Entry barriers: Modi govt mulls tough data storage norms to deter Chinese apps

By: |
July 28, 2020 8:00 AM

By putting such a clause in the proposed intermediary guidelines, the government can always effectively investigate into charges of they indulging in anti-national activities or activities which endanger law and order situation.

The government can always effectively investigate into charges of they indulging in anti-national activities or activities which endanger law and order situation.

The ministry of electronics and information technology (MeitY) plans to shortly formulate a set of intermediary guidelines to regulate Internet apps and social media platforms based on the country of origin. The issue has gained prominence in the light of the recent banning of around 59 Chinese apps by the government on national security concerns.

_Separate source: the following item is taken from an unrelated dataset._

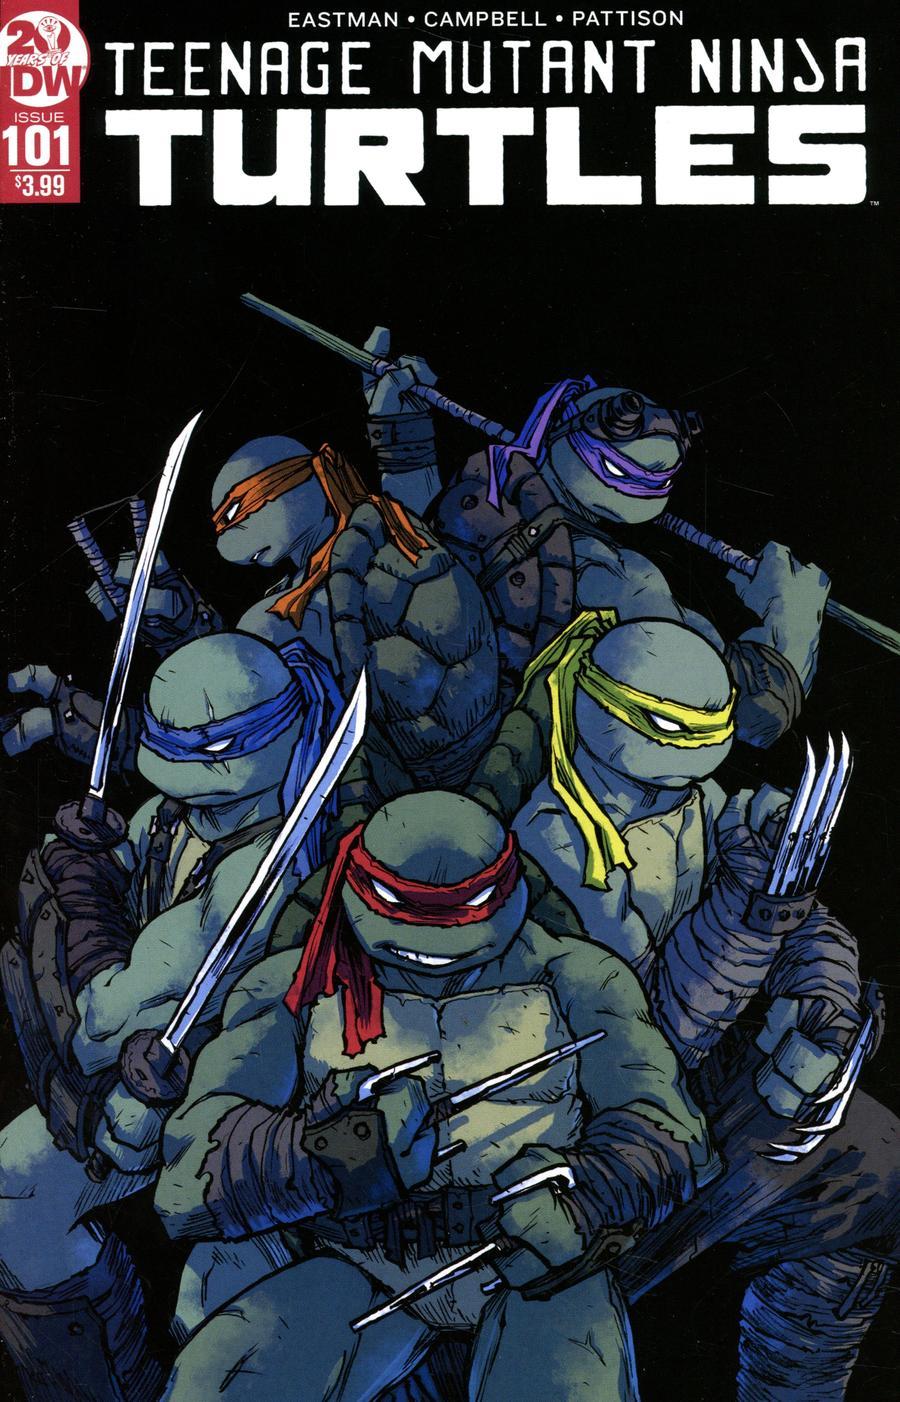 Teenage Mutant Ninja Turtles Vol 5 #101 Cover D 2nd Ptg Variant Sophie Campbell Cover

Official sources said that though the current provisions in the Information Technology Act empowers the government to ban apps and block content which threaten national security, sovereignty, etc, a framework needs to be put in place regarding other operational details as well.

Meanwhile, the government on Monday is understood to have banned 47 more Chinese apps, taking the total number of mobile applications banned to 106. The 47 additional Chinese apps that have been banned are clones and variants of the apps which were blocked earlier.

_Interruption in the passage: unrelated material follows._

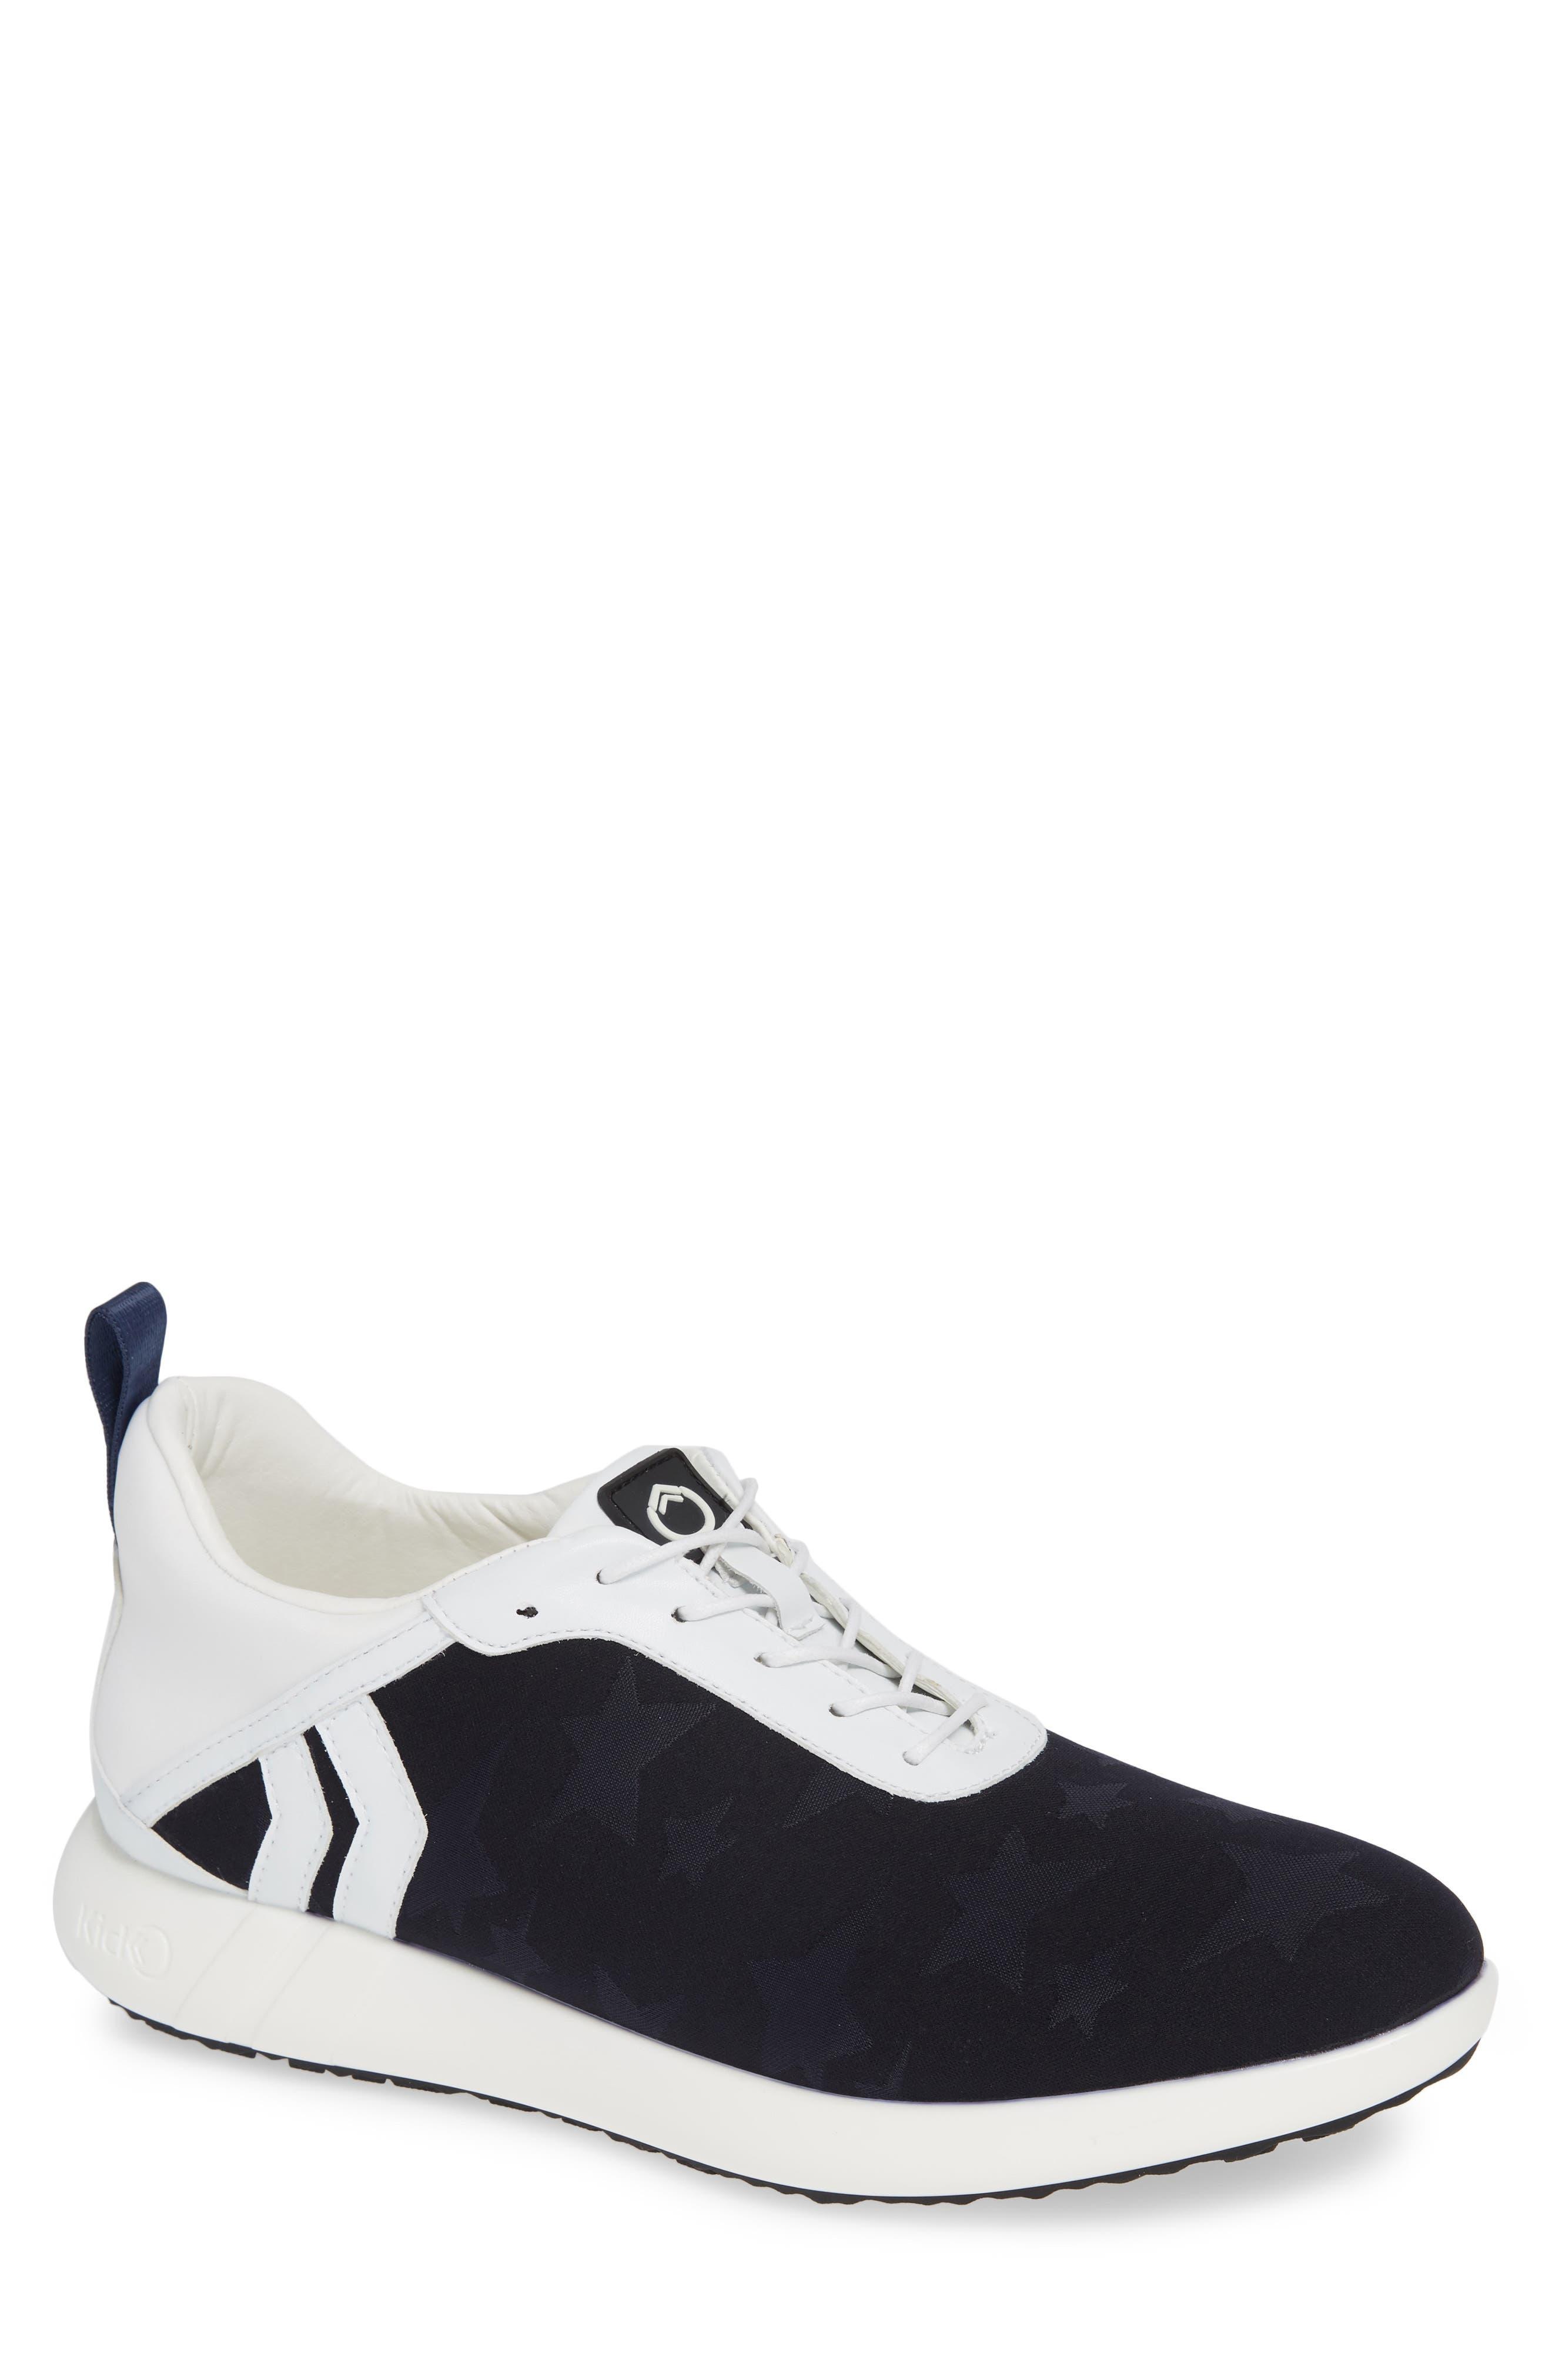 Astro Sneaker,                             Main thumbnail 1, color,                             410

One of the provisions in the new set of guidelines would be that companies which are based in countries that share land border with India, can only operate if they store consumer data within the country, officials said. Such a provision would make functioning of Chinese apps difficult in the country and if they want to be present in the Indian market, they would have to meet stringent government guidelines right from the beginning.

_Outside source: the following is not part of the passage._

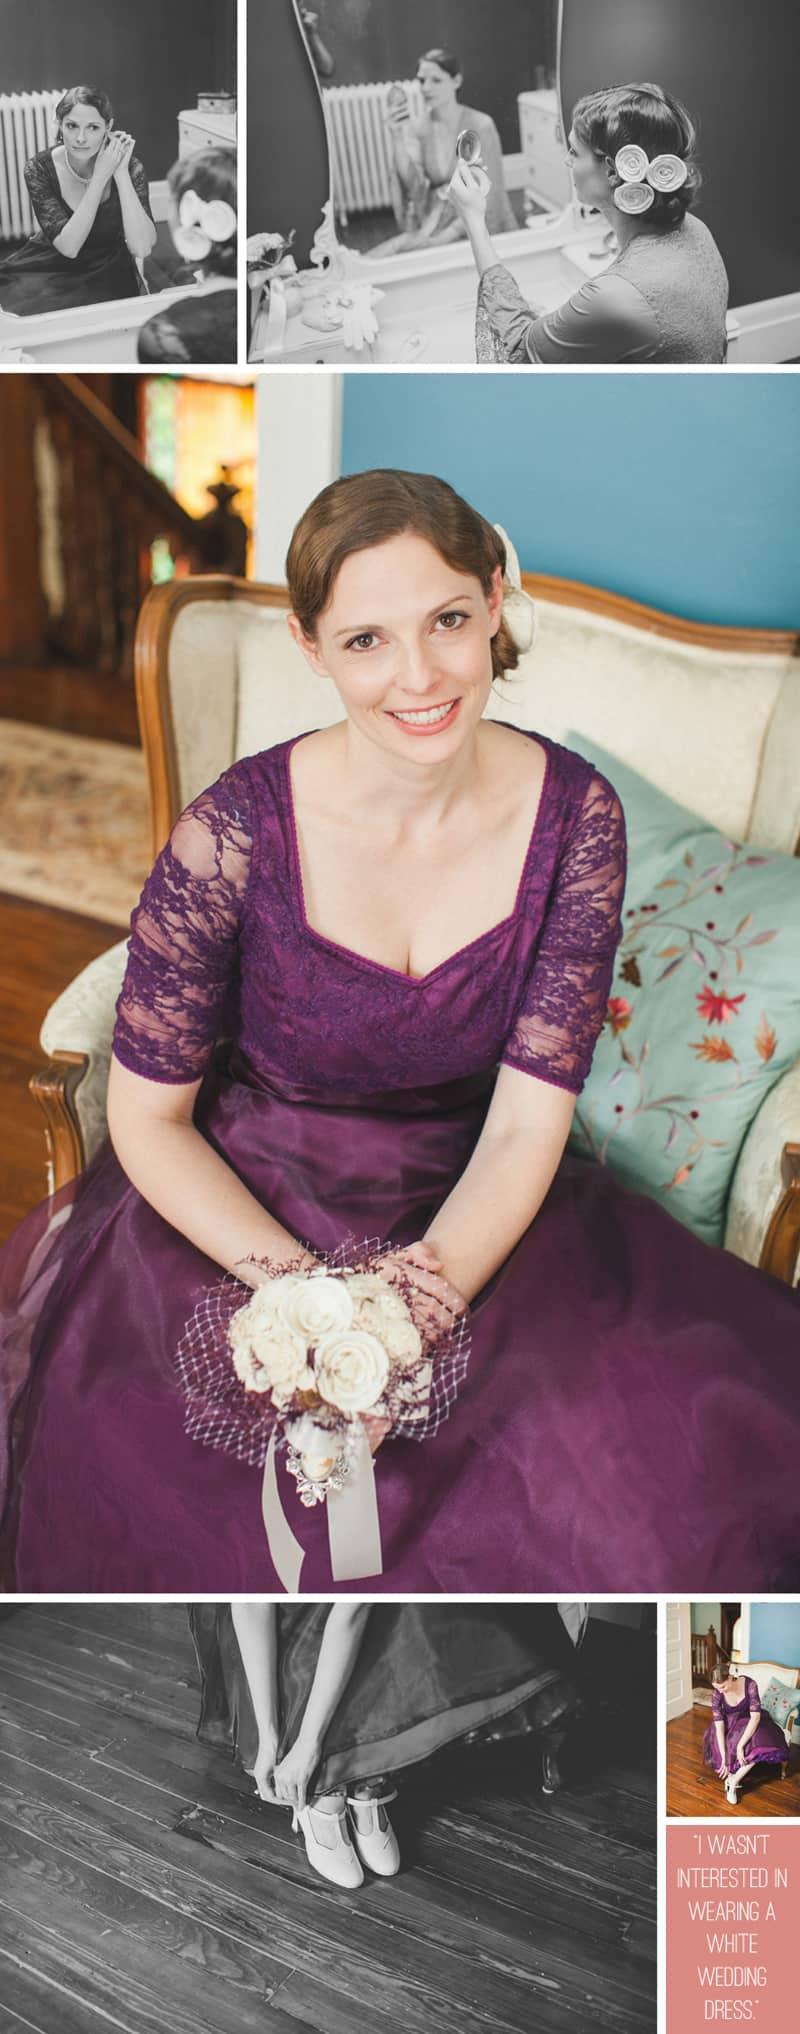 A Purple Wedding Dress For a Backyard Wedding 4

The other provision, which could be applied to apps from firms which are based in countries sharing land border with India, is that they would have to compulsorily store data for around three months. This provision currently applies to licensed telecom operators but not to any over the top (OTT) players.

By putting such a clause in the proposed intermediary guidelines, the government can always effectively investigate into charges of they indulging in anti-national activities or activities which endanger law and order situation.

With the guidelines distinguishing between firms based in countries sharing land border with the country and those beyond it, a clear distinction can be made between apps and social media platforms of US-based firms like Facebook and Google, officials said.

As is known, the government is in the process of formulating an overall data protection law which would lay down specifically what kind of data is to be stored within the country. The intermediary guidelines would be different from it.

Intermediary guidelines are basically for social media platforms like Facebook, WhatsApp, Google, etc. They are distinguished from other Internet media platforms in the sense that since they do not own or publish original content they have the immunity under IT laws for any alleged malafide items on their platforms. If anything malafide is found or reported on their platform, they are informed and given time to remove such content.